Font Size
X-linked inheritance
Sex chromosomes determine whether you are male or female
An individual’s sex (i.e., whether they are a male or female) is determined by the sex chromosomes. Most people have two sex chromosomes, one that is inherited from their mother and one that is inherited from their father. Typically, females have two X chromosomes (XX) and males have one X chromosome and one Y chromosome (XY). Conditions caused by changes (“mutations”) in genes located on the X chromosome are considered X-linked.
X-linked recessive inheritance
Most X-linked conditions are recessive. This means that in a person with two X chromosomes (most females), both copies of a gene (i.e., one on each X chromosome) must have a change or mutation whereas in a person with one X chromosome (most males), only one copy of a gene must have a mutation. A female with a mutation in one copy of a gene on the X chromosome is said to be a “carrier” for an X-linked condition. A male with a mutation in a gene on the X chromosome is typically affected with the condition. Because females have two copies of the X chromosome and males have only one X chromosome, X-linked recessive diseases are more common among males than females. However, X-linked recessive diseases can occur in both males and females.
For X-linked recessive disorders, an unaffected carrier mother who has a mutation in a gene on the X chromosome can transmit either the X chromosome with this mutation or a “normal” X chromosome to her children. If the father is unaffected, none of her daughters will be affected and all of her daughters will be unaffected—since they will inherit at least one normal X chromosome from their father. However, each daughter will have a 50% chance of being an unaffected carrier like her mother and a 50% chance of both X chromosomes being normal.
For X-linked recessive disorders, an affected father who has a mutation in a gene on the X chromosome can transmit either the X chromosome with this mutation or a Y chromosome to his children.

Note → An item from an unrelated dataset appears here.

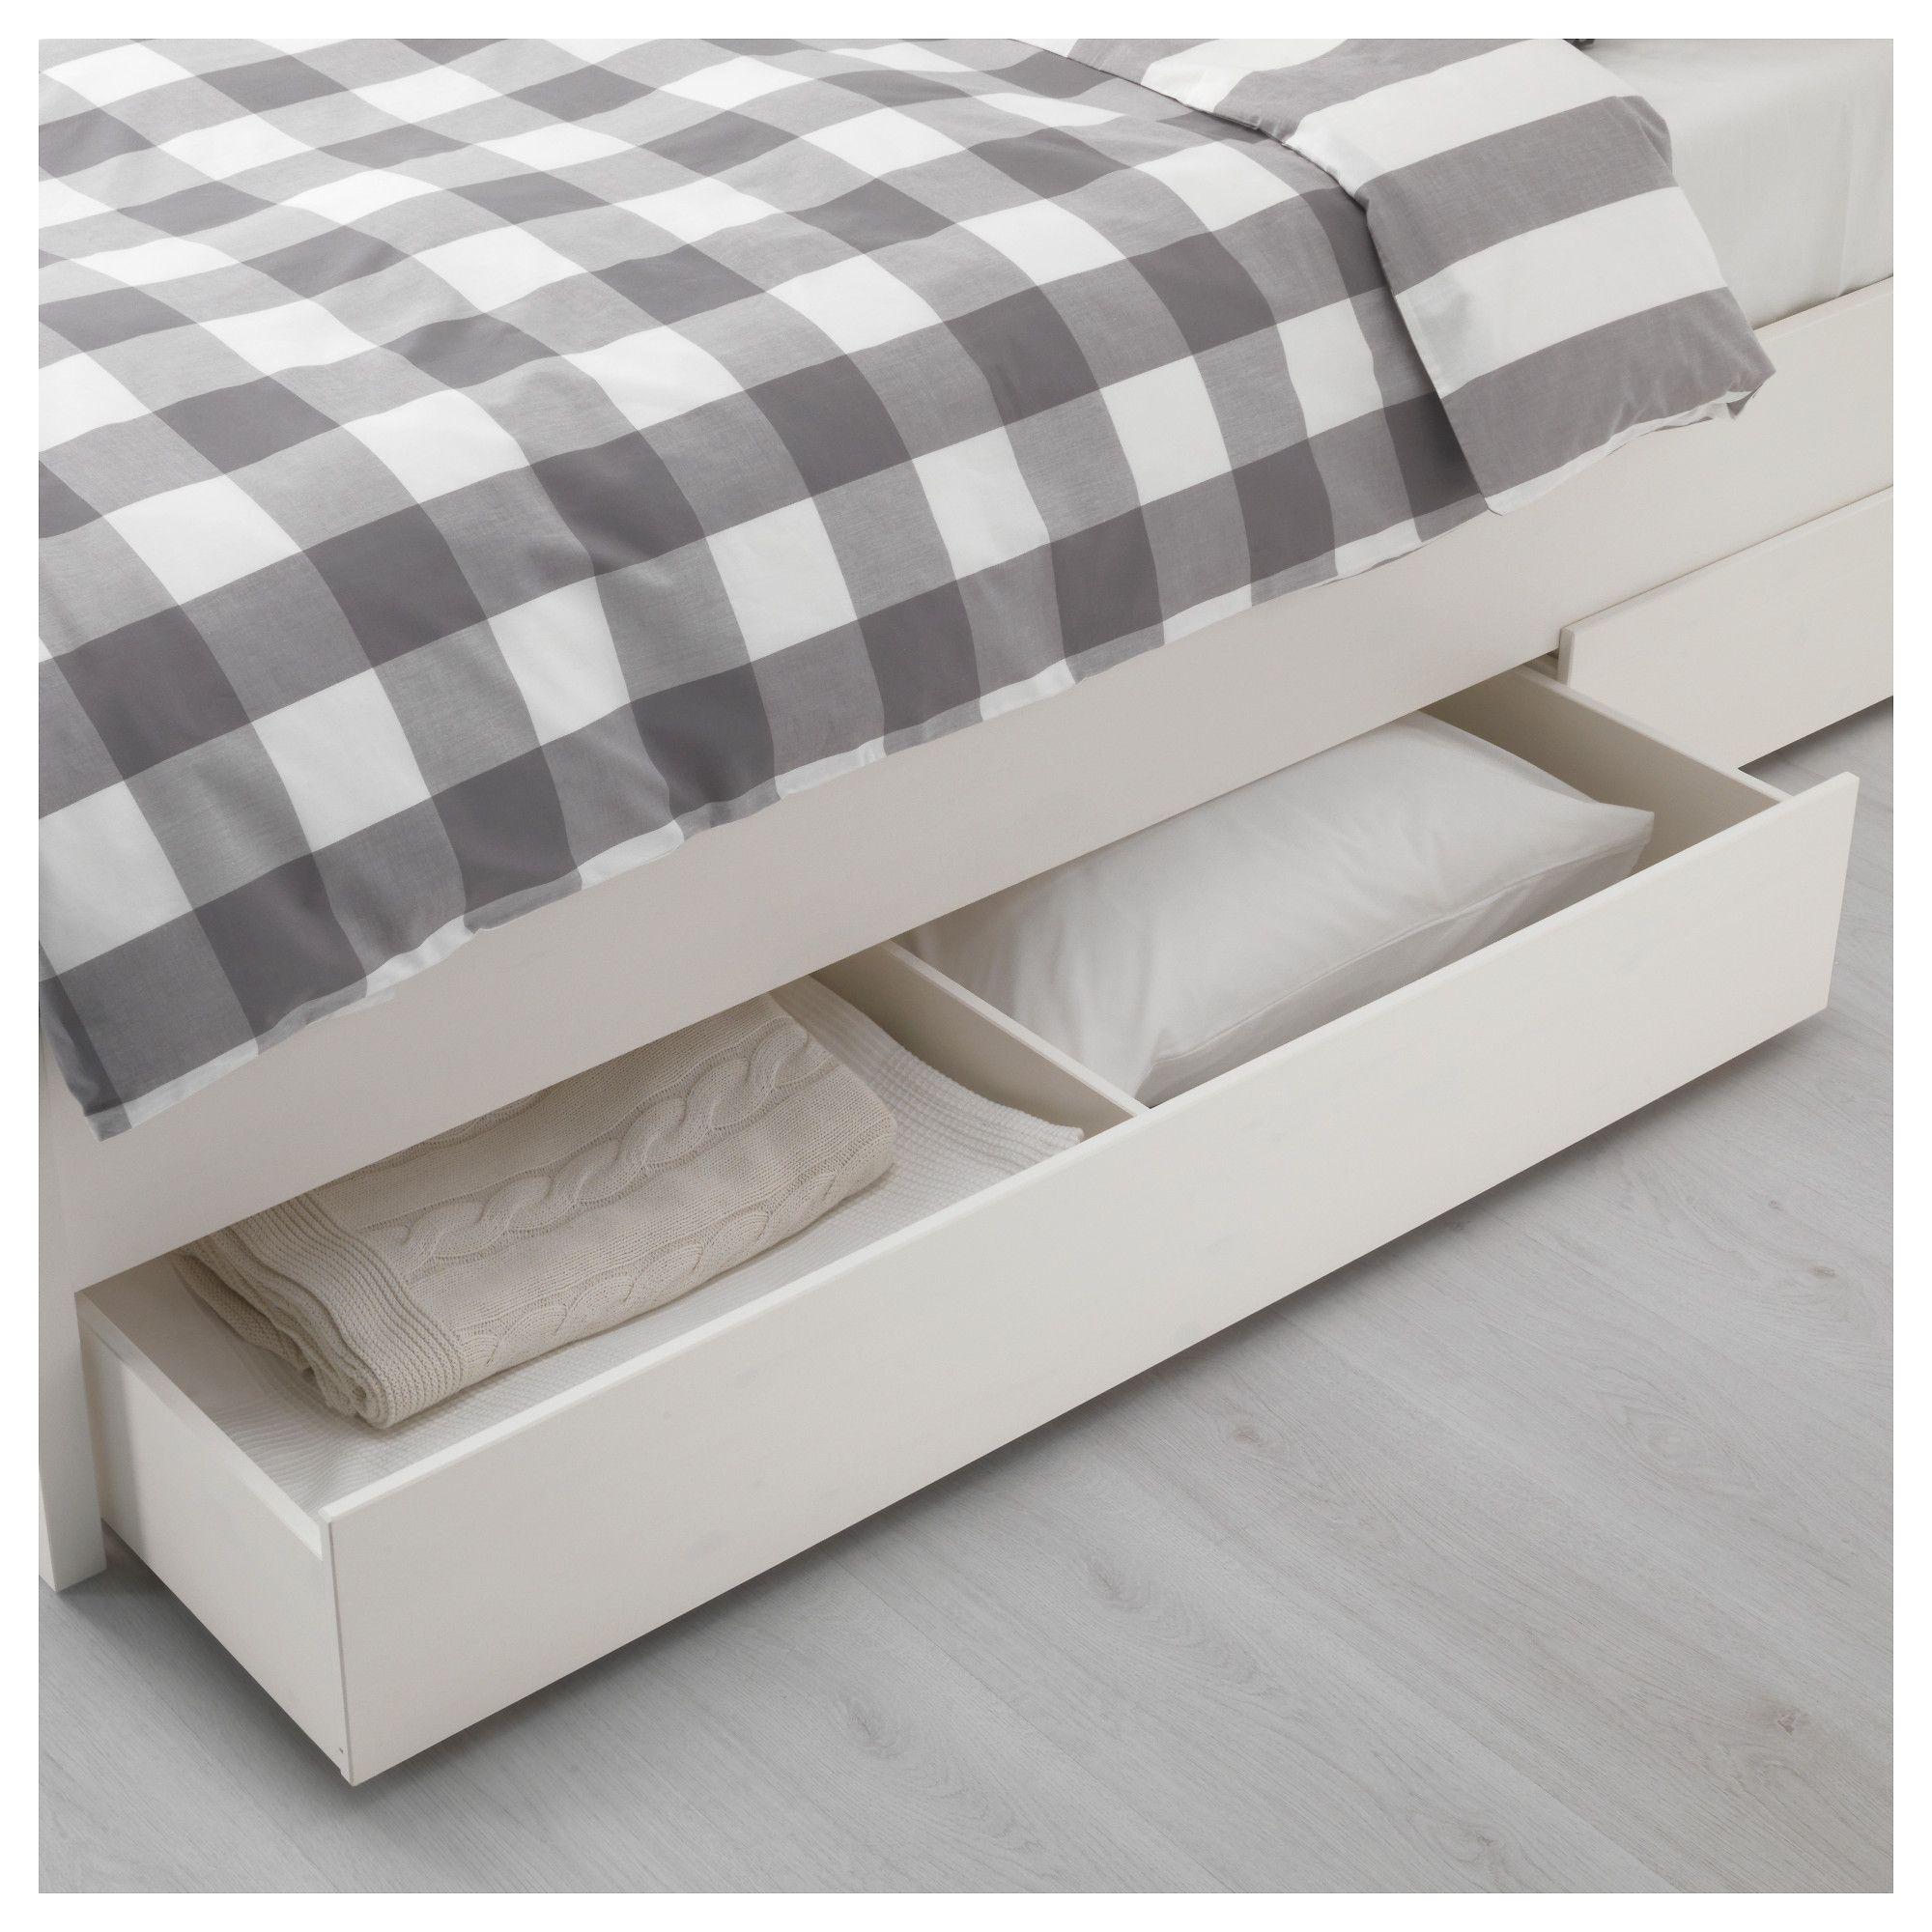 Ikea Hemnes Bed Frame With 4 Storage Boxes White Stain Espevar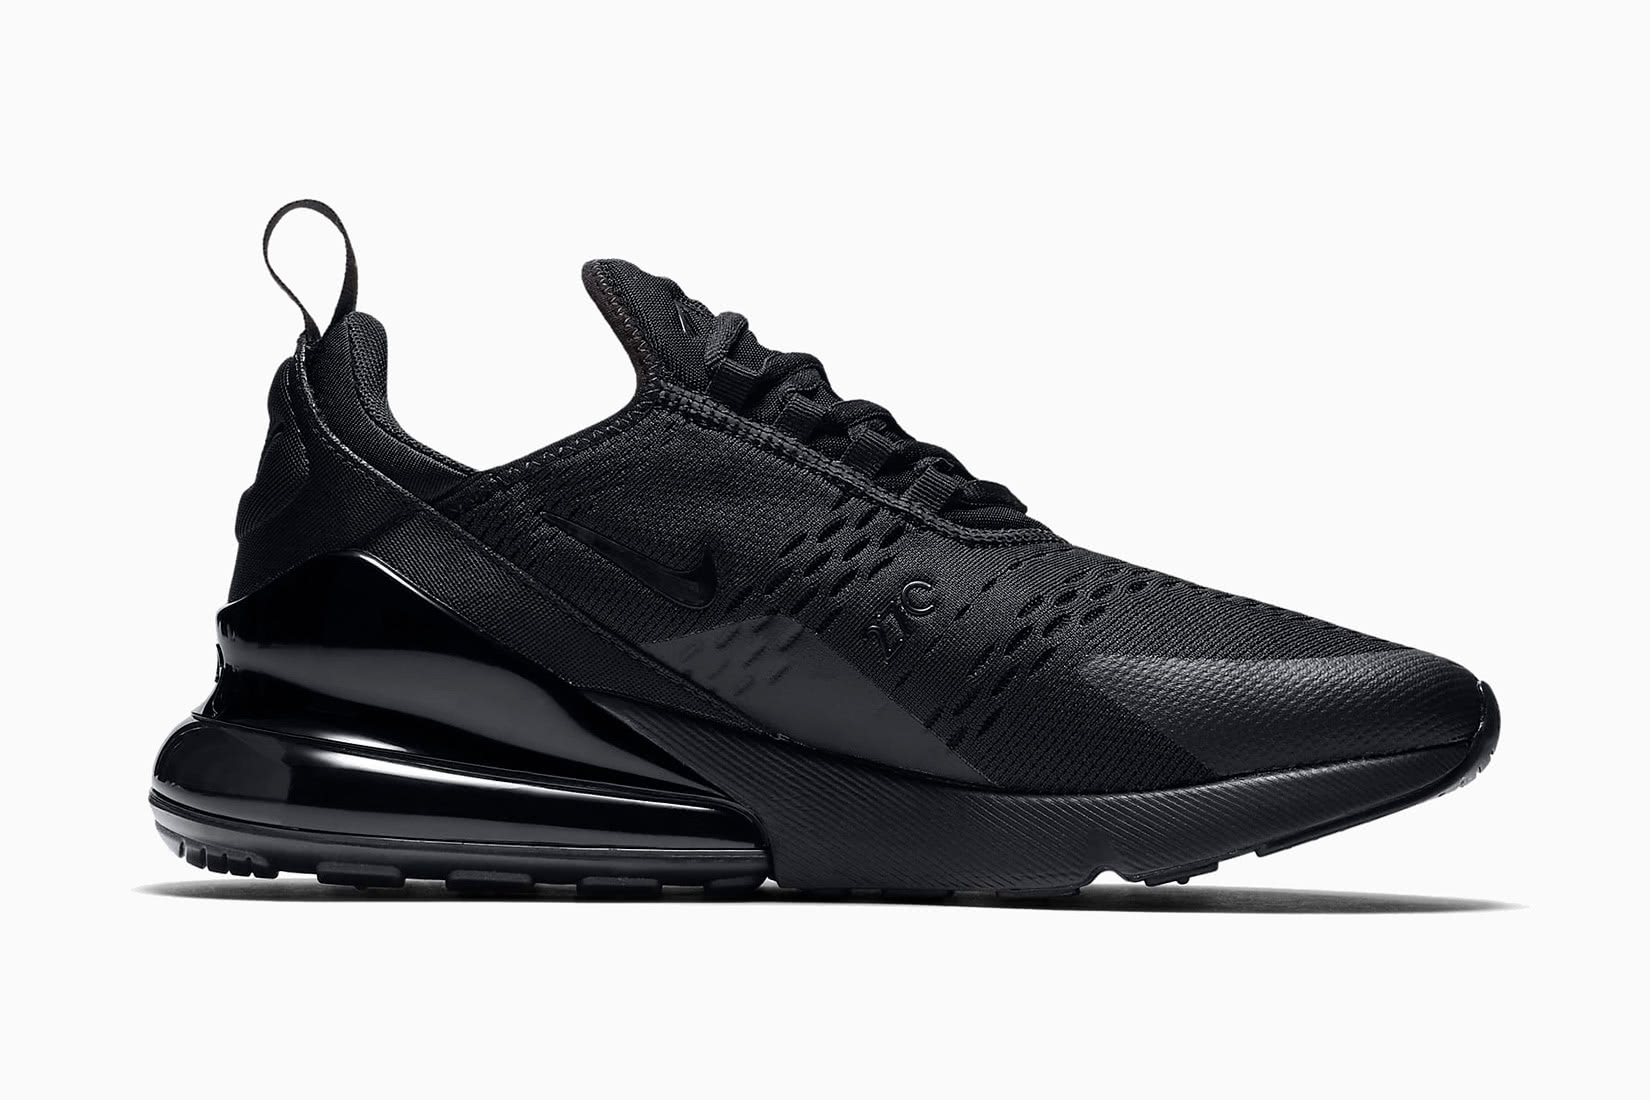 best selling men sneakers nike air max review - Luxe Digital

If the mother is not affected or a carrier, none of his sons will be affected since they can only inherit a normal X chromosome from their mother and they inherit a Y chromosome from their father. Each daughter will have a 50% chance of being an unaffected carrier and a 50% chance of both X chromosomes being normal.
Example: Hemophilia A
Hemophilia A is an X-linked recessive disease caused by a lack of a coagulant, or blood clotting agent, called factor VIII (factor 8). This is caused by a mutation in a gene on the X chromosome called F8. If a father is affected, his daughters will be carriers of hemophilia A and his sons will be unaffected. If a mother is an unaffected carrier, each daughter has a 1 in 2 chance (i.e., 50%) of being an unaffected carrier and each son has a 1 in 2 chance (i.e., 50%) of being affected with hemophilia A.
X-linked Dominant Inheritance
For an X-linked dominant condition, only one copy of a gene on the X chromosome whether in a female with two X chromosomes or males with on X chromosome must have a change or mutation for an individual to be affected with the condition. For this reason, X-linked disorders are often seen with similar frequency in males and females. However, since females also have one normal X chromosome as well as an X chromosome with a mutation, the condition is often more “mild.” An example of an X-linked dominant disorder is Goltz Syndrome.